= DSV Sea Cliff =

US Navy crewed deep-ocean research submersible

DSV-4 (formerly known as Sea Cliff) is a 25-ton, crewed deep-ocean research submersible owned by the United States Navy, now known only by its hull number, not by its former name.

DSV-4 is an Alvin-class deep submergence vehicle (DSV), a sister ship to Turtle (DSV-3) and Alvin (DSV-2). The Alvin-class DSVs were designed to replace older DSVs, such as the less-maneuverable Trieste-class bathyscaphes. Sea Cliff was built by Electric Boat in Groton, Connecticut for the U.S. Navy and was completed in December 1968. It spent much of its service life on loan to the Woods Hole Oceanographic Institution.

DSV-4 initially had a maximum dive depth of 6500 ft; all Alvin-class personnel pressure hulls were originally designed for 6000 ft, but subsequent testing allowed a higher rating. In 1981, the submersible was refitted with a titanium personnel hull to dive to 20000 ft. With the refit of DSV-4, the bathyscaphe DSV-1 (formerly known as Trieste II) was retired from service.

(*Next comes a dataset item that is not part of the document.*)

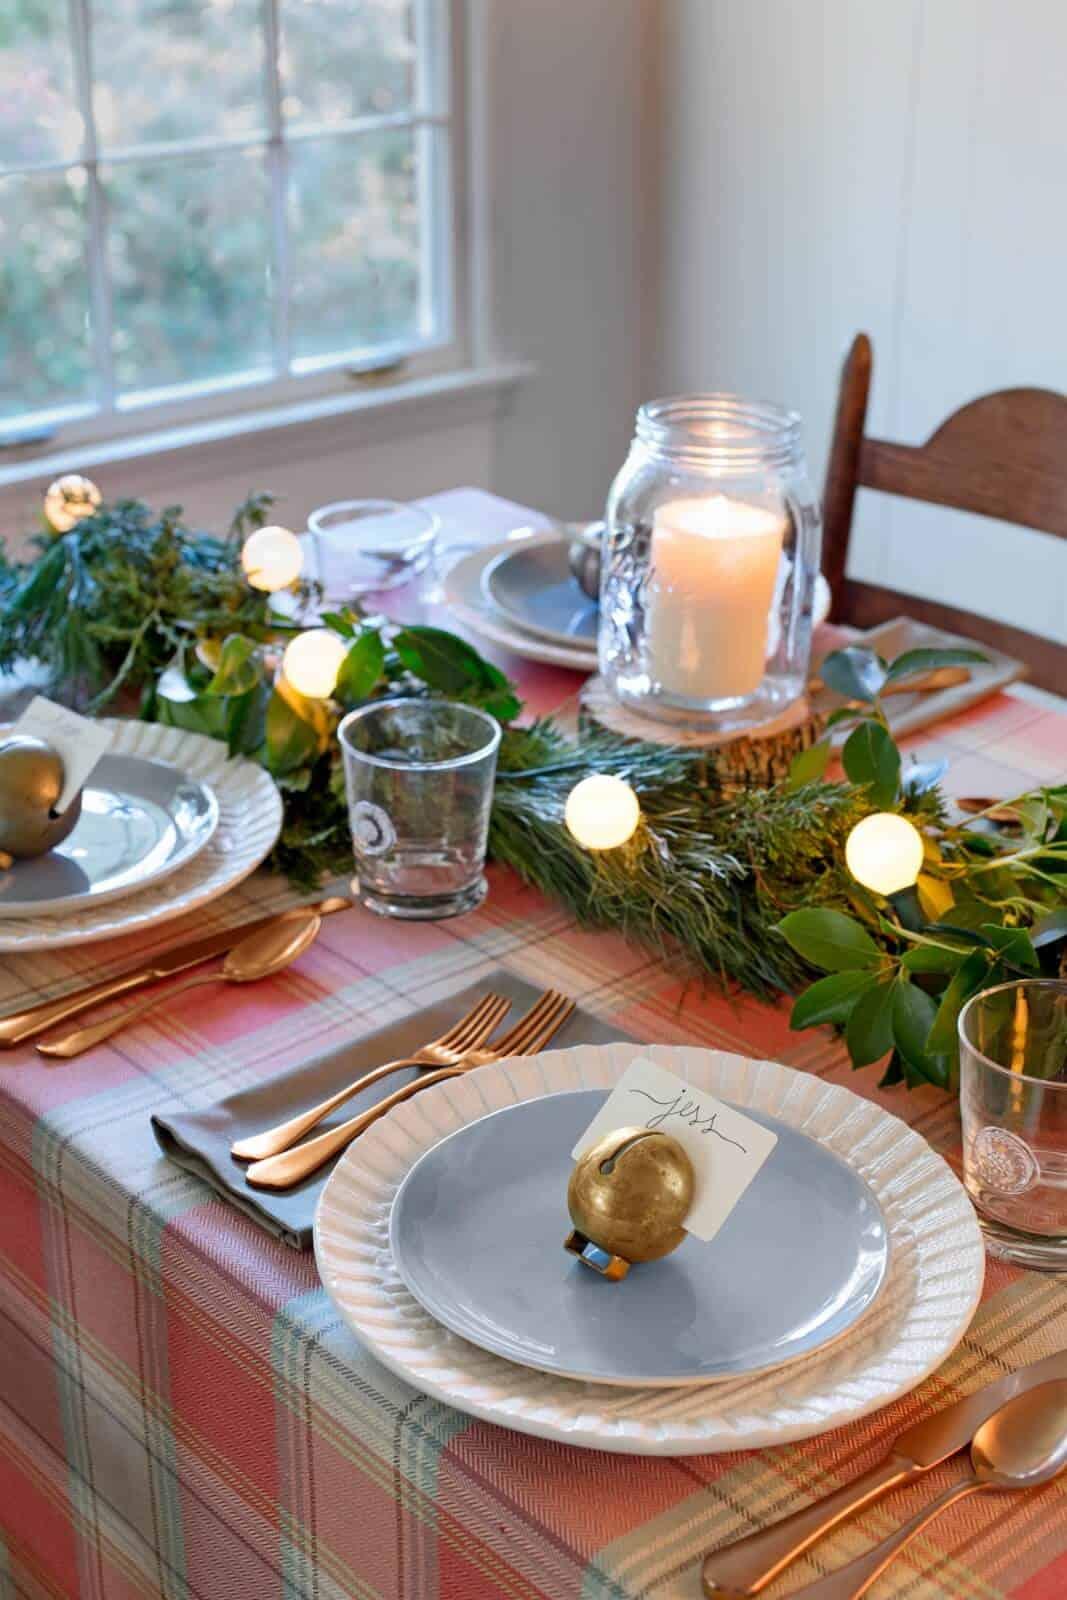 Plain and greenery seasonal table

In 1985 the Sea Cliff made a record dive for this vessel type by diving 20,000 feet off Guatemala's Pacific Coast. The crew of the dive consisted of NAVSEA system certification representative/command pilot, LCDR Rick Williams, mission pilot Lt. Alan Mason, and co-pilot Chief Petty Officer David Atchinson. From late September to early October 1990, over a course of 6 days, DSV-4 recovered the cargo door of United Airlines Flight 811 from the Pacific Ocean.

DSV-4 has a plug hatch 2 ft in diameter, held in place mechanically with hatch dogs and, while submerged, by the pressure of the water above it.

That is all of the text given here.